TASK REQUIREMENTS:
Please give back only the lines below from the one containing "414316146quality-control-hindi" to the one containing "2017 Renault Trafic", each repeated word for word, both ends included.

SUPPLIED MATERIAL:

◇ ◇ ◇ ◇

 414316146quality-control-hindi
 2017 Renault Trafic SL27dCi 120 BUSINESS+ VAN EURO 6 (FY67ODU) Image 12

◇ ◇ ◇ ◇

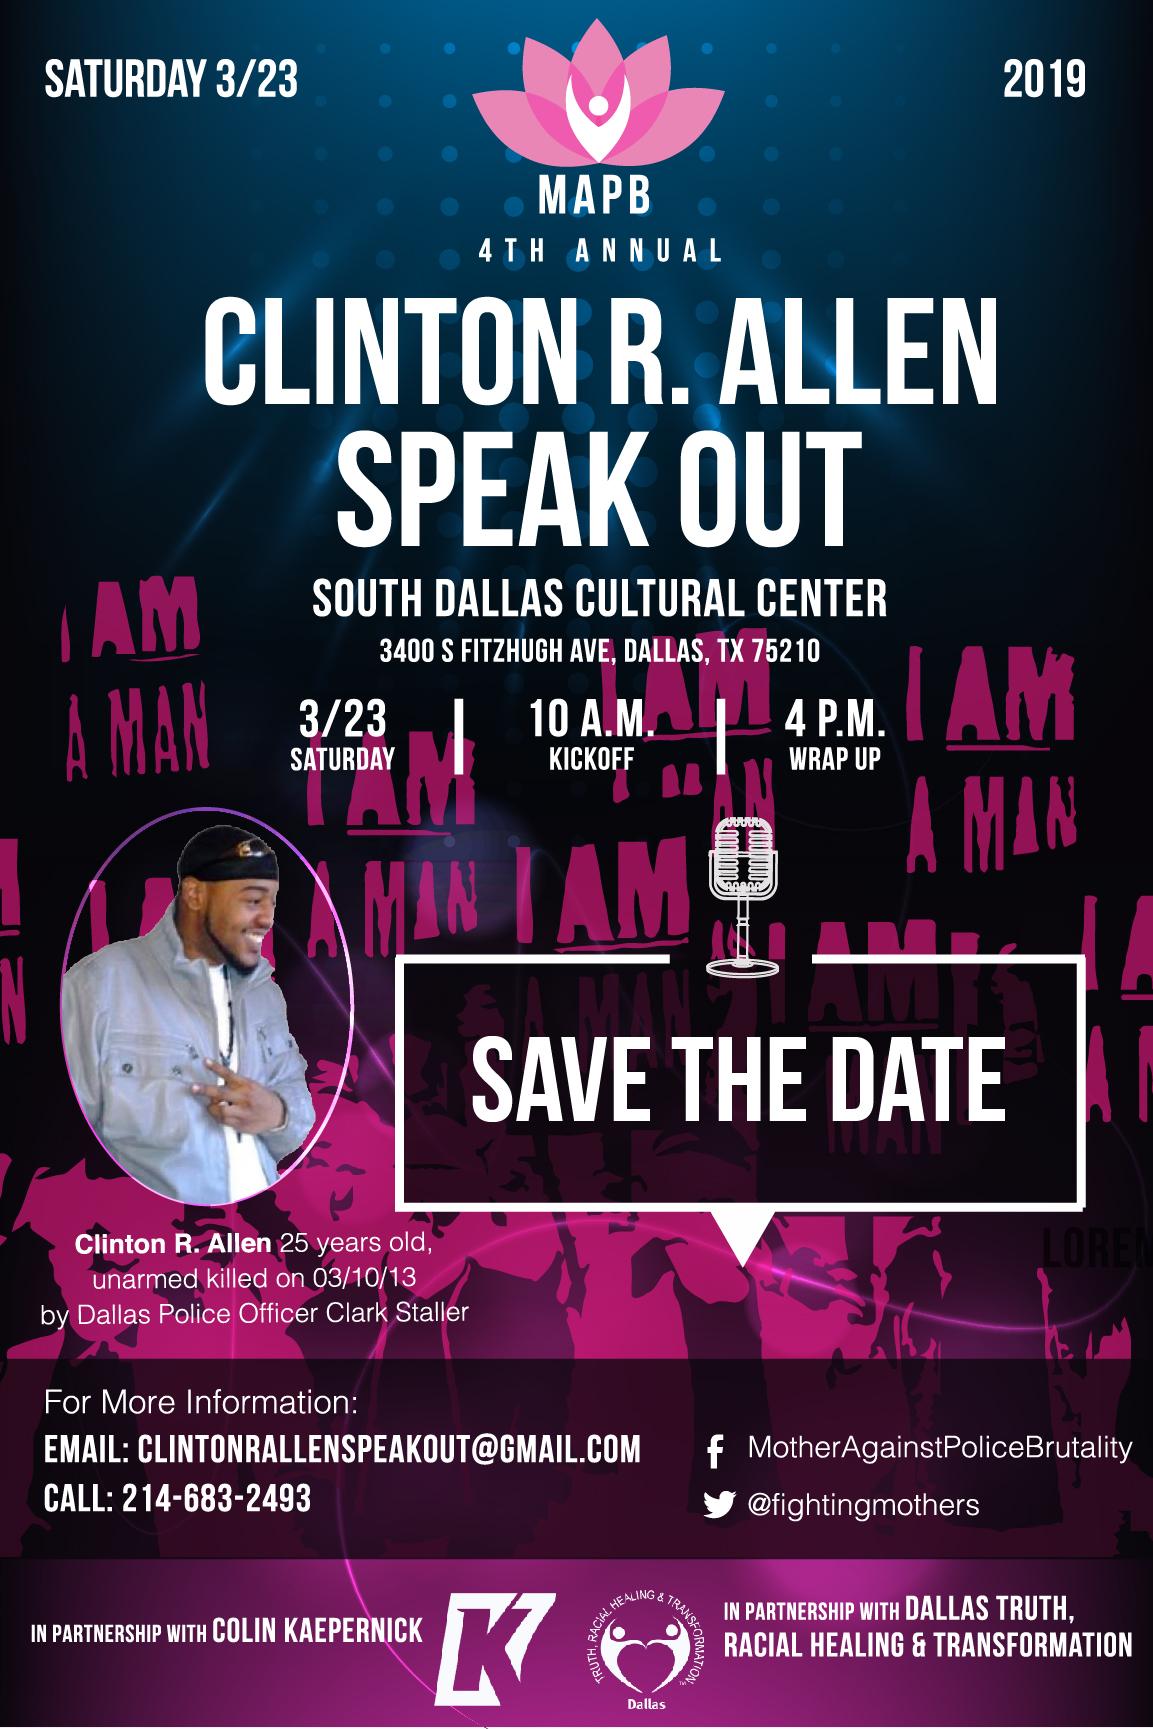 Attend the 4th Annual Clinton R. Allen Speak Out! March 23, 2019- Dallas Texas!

◇ ◇ ◇ ◇

THE ANSWER:
 414316146quality-control-hindi
 2017 Renault Trafic SL27dCi 120 BUSINESS+ VAN EURO 6 (FY67ODU) Image 12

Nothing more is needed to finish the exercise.